Novak Musić (Новак Мусић; born May 27, 1998) is a Serbian professional basketball player for Vojvodina.

==Professional career ==
Novak started playing basketball in the younger categories of Zvezdara M-Invest, after which he moved on to play at Mega Basket where he got through all the junior and senior categories and even participated at the Euroleague Basketball Next Generation Tournament in Rome in 2015 and in Berlin in 2016.

He was a part of the Mega Basket team that won the 2015–16 Radivoj Korać Cup in Niš, though he was only on the bench during the final game against Partizan.

After that, he was loaned to several clubs from the Basketball League of Serbia including KK Smederevo 1953, KK Beovuk 72 and OKK Beograd. In the latter, he made the biggest impact having spent two seasons with a small break in between where he played for KK Igokea where he won the Bosnian National Cup at the end of the season 2018-19 and then he played only two games for Mega Basket at the beginning of the following season, after which he returned to OKK Beograd.

In OKK Beograd during the season of 2018-19, he averaged 14.6 points per game with 3.8 rebounds and 5.0 assists.
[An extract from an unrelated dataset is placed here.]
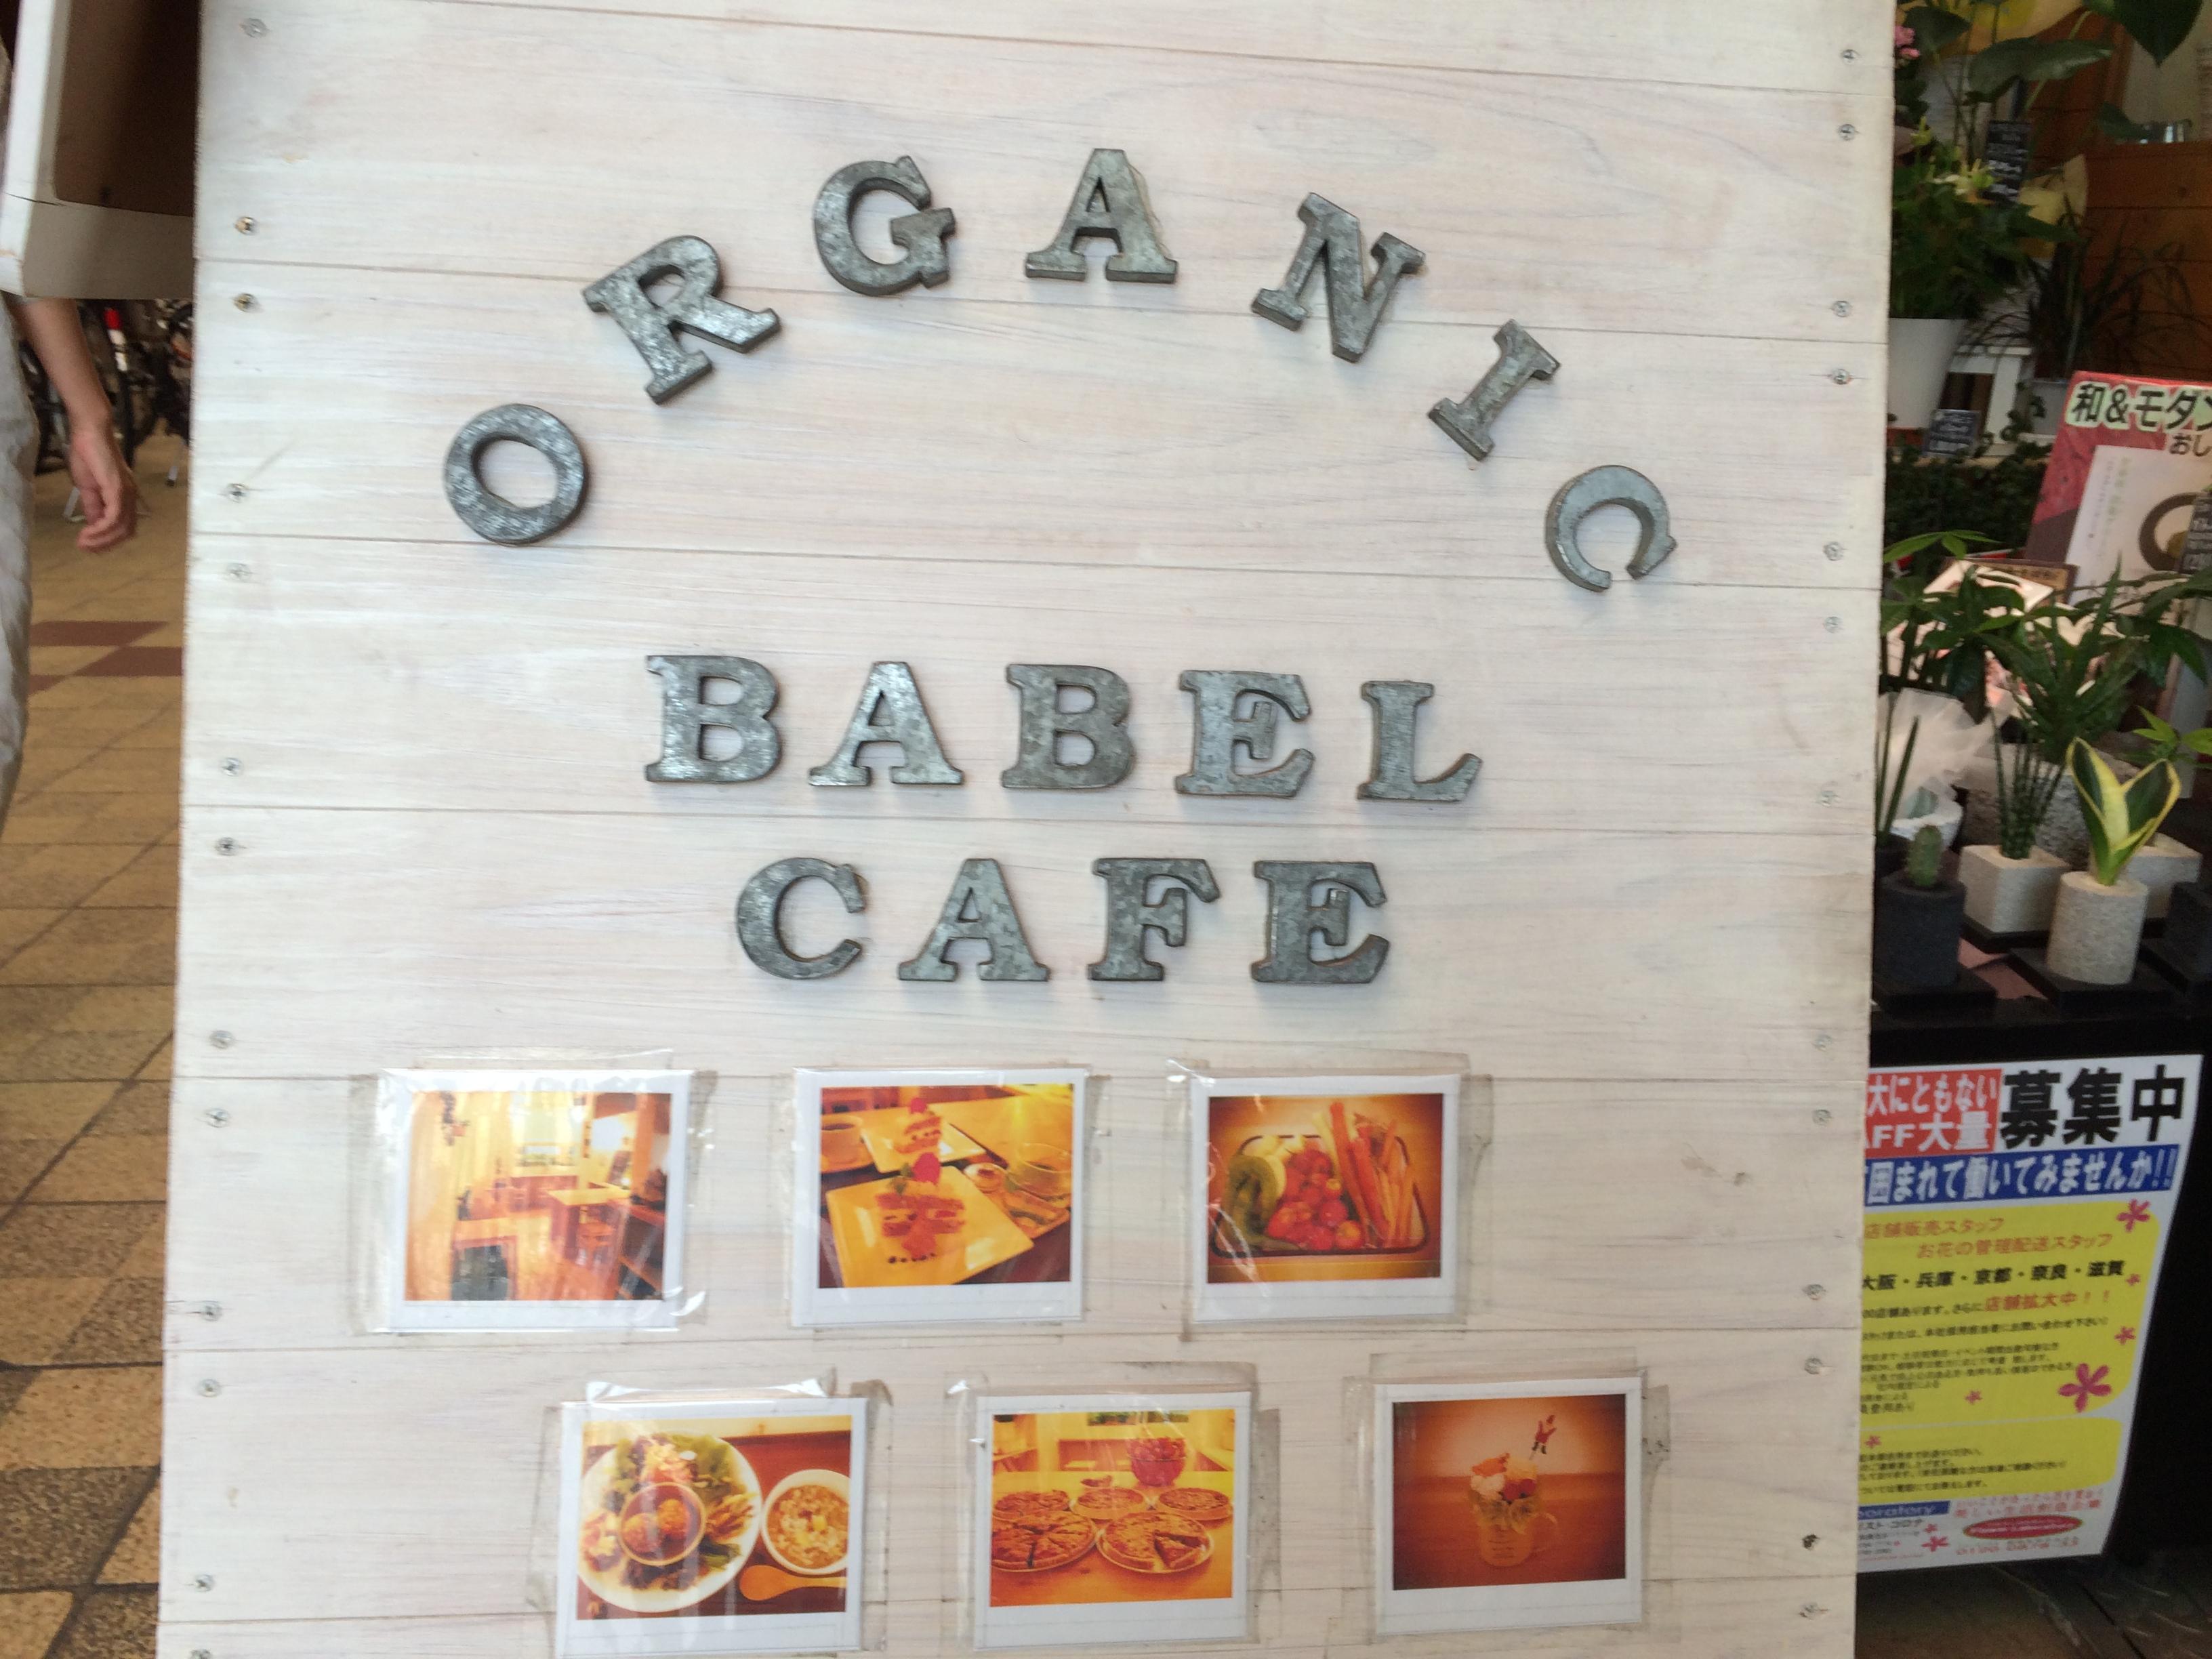 BABEL CAFE看板

During the next season, he was even better averaging 16.0 points per game with a total of 3.8 rebounds and 4.0 assists.

Novak then went on to play in KK Podgorica and gained a place in the semifinal of the 2020–21 ABA League Second Division. After that, he played for the Polish side Arka Gdynia and had an average of 11.6 points with 3.1 rebounds and 4.7 assists during the 2021–22 PLK season.

On July 26, 2023, he signed with Zastal Zielona Góra of the Polish Basketball League.

On July 18, 2025, he signed with Patrioti Levice of Slovak Extraliga (basketball) (SLB).

== International career ==
Novak was the member of the Serbia men's national U16 team, which played at the European Championships in Riga. Two years later he played with the U18 team in Samsun, Turkey at the European Championships after which he played at the U20 European Championships in Crete, Greece in 2017 and then in Chemnitz, Germany in 2018.